Harold and Mary Cohen : The Papua New Guinea Slide Collection
Object ID:
Papua New Guinea
This Highland tribesman seems to amalgamate articles and decorations from other tribes. Trade store beads are easily available from visiting traders. The chemical dyes of orange, yellow, green and bright blue that he uses on his tall skinny back staff (dancing shield) do not match the colors red, yellow, white, and blue in his many rows of trade store beads that hang from his neck and cover half of his chest. A second part of his back staff is rounded and unpainted. It is surrounded with white chicken feathers. His headdress is composed of human hair that is protected with thin bark coverings or a net.
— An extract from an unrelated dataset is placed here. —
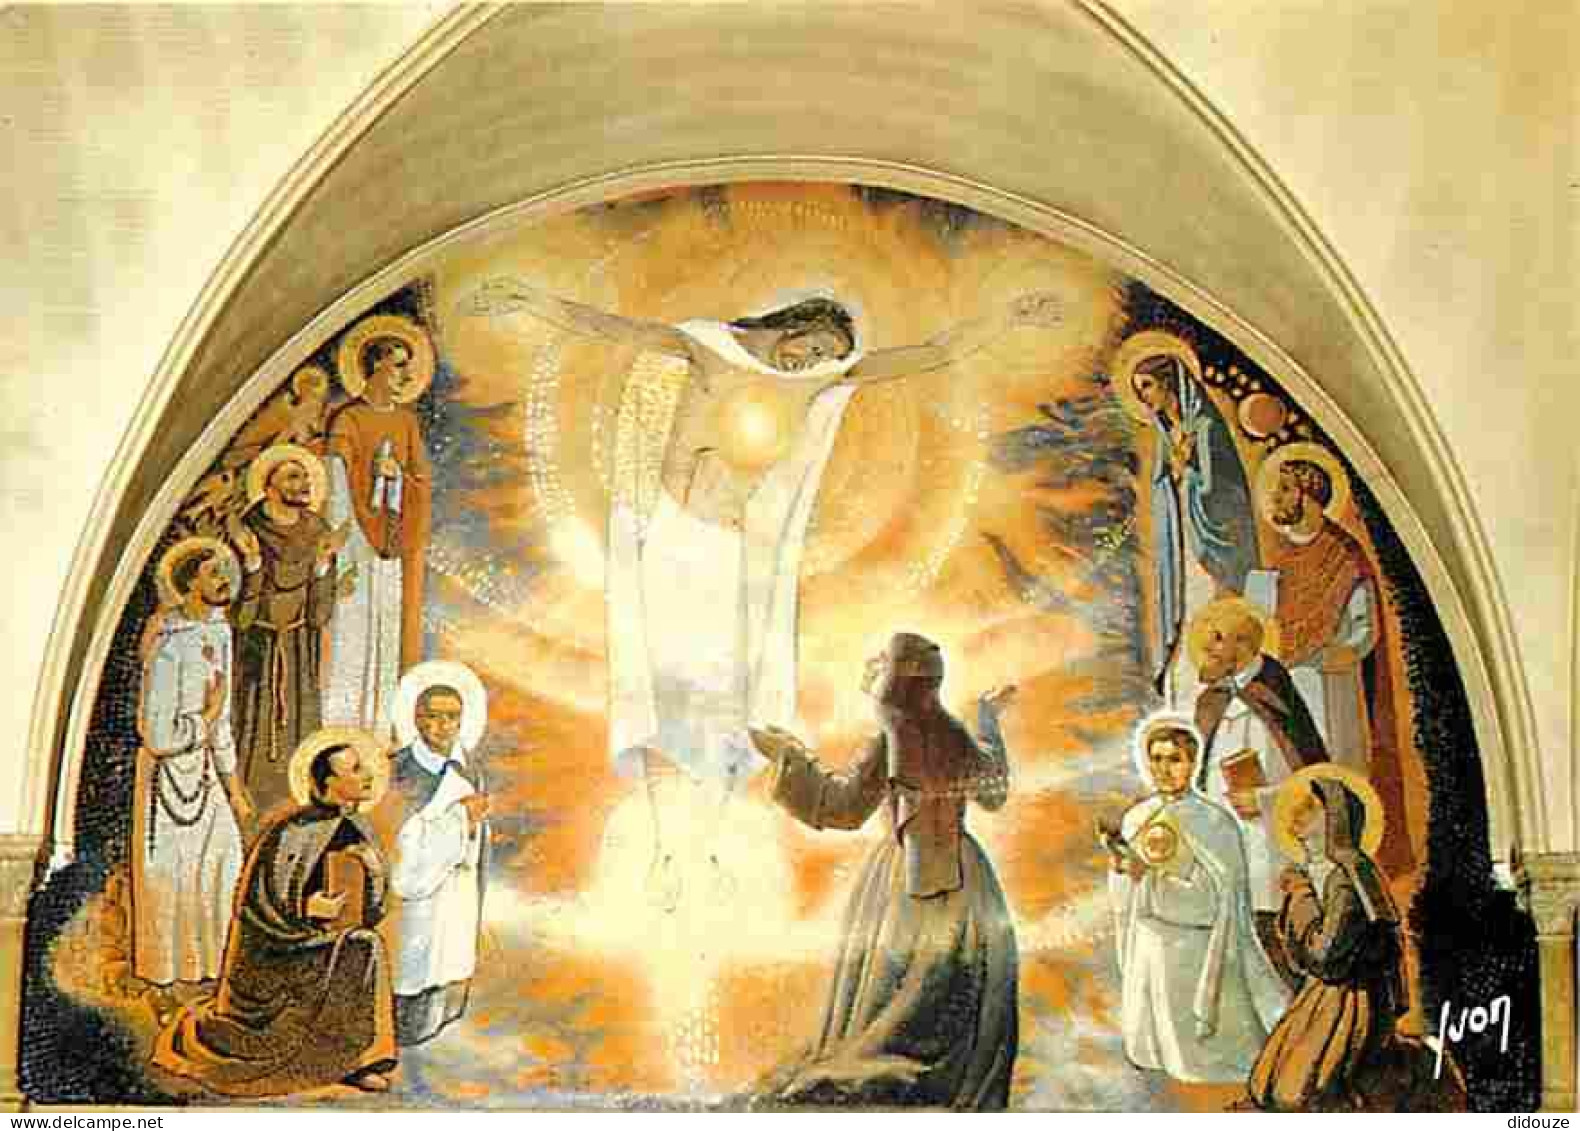 71 - Paray Le Monial - Monastère De La Visitation - Chapelle Des Apparitions - Peinture De Luc Barbier - Art Religieux - - Paray Le Monial

It is painted and further decorated with orange feathers that have been clipped to the same size. Yellow, orange bright blue and bright Kelly green fabrics, shaped into an oval form top the headdress. Behind him, another group performs.

Behind him, Men are decorated with wide gray—white and orange clay stripes on their bodies, arms and legs. Painting stripes on the body and arms is a popular form of body art in many tribes in Papua New Guinea, as is the camouflaging of the face — whether by paint or masks. These villagers match their headcaps in the gray—white and orange clays. For many cults, the performers are not supposed to be recognized. They perform at ceremonies, including for paybacks, mokas, and spells to cure sickness traditionally. Highlanders form a column, singing and dancing while playing their kundu hour—glass wooden drum that has no covering piece on its end. Leaves hang from their waist bands.